We need to interpret our own abstention

At best, comparisons with abstention levels in other countries are not useful in interpreting what happened in Nicaragua in November 2000, and when made by Nicaraguan politicians—"Only half the population votes in the United States"—they are manipulative per se. Each country has its own electoral legislation, its own accrediting system, its own electoral and political system. Above all, each country has a specific territory and political culture. We need a detailed understanding of every element at play in our country. Nicaragua is a democracy that is as fragile as it is young. And curiously enough it is in that very context that Nicaraguans have assigned so much importance to elections, having verified that they are one of the most effective mechanisms of change in these past 11 years.

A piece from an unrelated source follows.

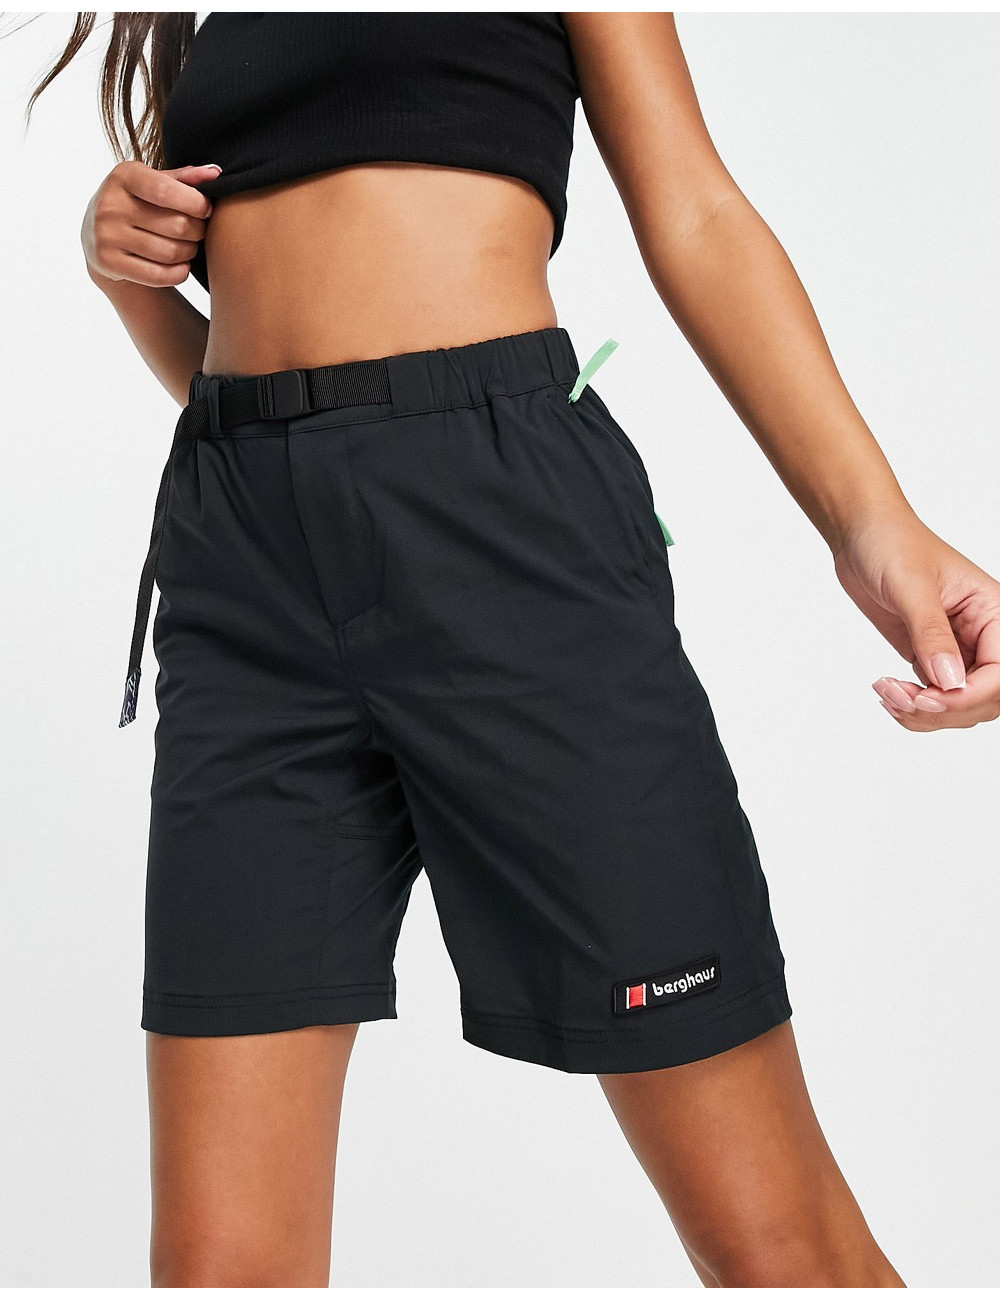 Berghaus logo shorts in black

Looking for just one explanation of our complex reality places a negative limitation on our way of thinking, because it facilitates and justifies thinking less. The administrative and technical efforts made by the electoral authorities to conclude the ID/voting card process and bring the voting rolls up to date before the national elections this year have been laudable. In contrast, aspects related to distrust and apathy towards politicians and the political system have barely been addressed, and may even have worsened over the course of this year.

Whatever its causes, the politicians running for national office in this year’s election have minimized last year’s high abstention rates, brandishing different arguments to justify them: "This level of abstention is normal," "If they don’t want to participate, then too bad!" These are simply ways to turn one’s back on themes linked to the construction and consolidation of democracy. In electoral ills, as in any others, therapy begins by analyzing the symptoms so that the treatment can be as thoroughgoing and complex as merited.

Abstention is a statement

Rather than assuming that the municipal elections were unimportant in voters’ eyes, they could instructively be interpreted as very important, however paradoxical it may sound. They offered the citizenry the opportunity to demonstrate its displeasure with the whole system, with the lack of credibility affecting not only politicians both in and out of office, but also the political and institutional system itself. And one could argue that voters indeed sent a clear message by staying away from the polling stations in droves: one of disagreement, discontent and distrust. Is there still time to hear that messages?